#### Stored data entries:
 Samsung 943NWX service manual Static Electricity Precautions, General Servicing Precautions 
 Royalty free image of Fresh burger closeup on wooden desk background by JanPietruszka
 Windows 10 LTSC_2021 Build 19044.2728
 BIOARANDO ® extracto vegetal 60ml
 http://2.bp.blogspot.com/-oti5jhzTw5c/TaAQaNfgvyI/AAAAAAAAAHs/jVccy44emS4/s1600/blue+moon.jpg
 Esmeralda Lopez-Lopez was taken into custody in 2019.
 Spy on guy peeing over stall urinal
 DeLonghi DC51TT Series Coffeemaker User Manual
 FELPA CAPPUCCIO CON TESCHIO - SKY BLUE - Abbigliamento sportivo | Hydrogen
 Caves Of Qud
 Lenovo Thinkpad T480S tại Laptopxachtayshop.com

#### Directions:
What do the lines from the one with "Caves Of Qud" through the last line of the entries say? Print them word for word, both ends included, and nothing else.

#### Solution for this task:
 Caves Of Qud
 Lenovo Thinkpad T480S tại Laptopxachtayshop.com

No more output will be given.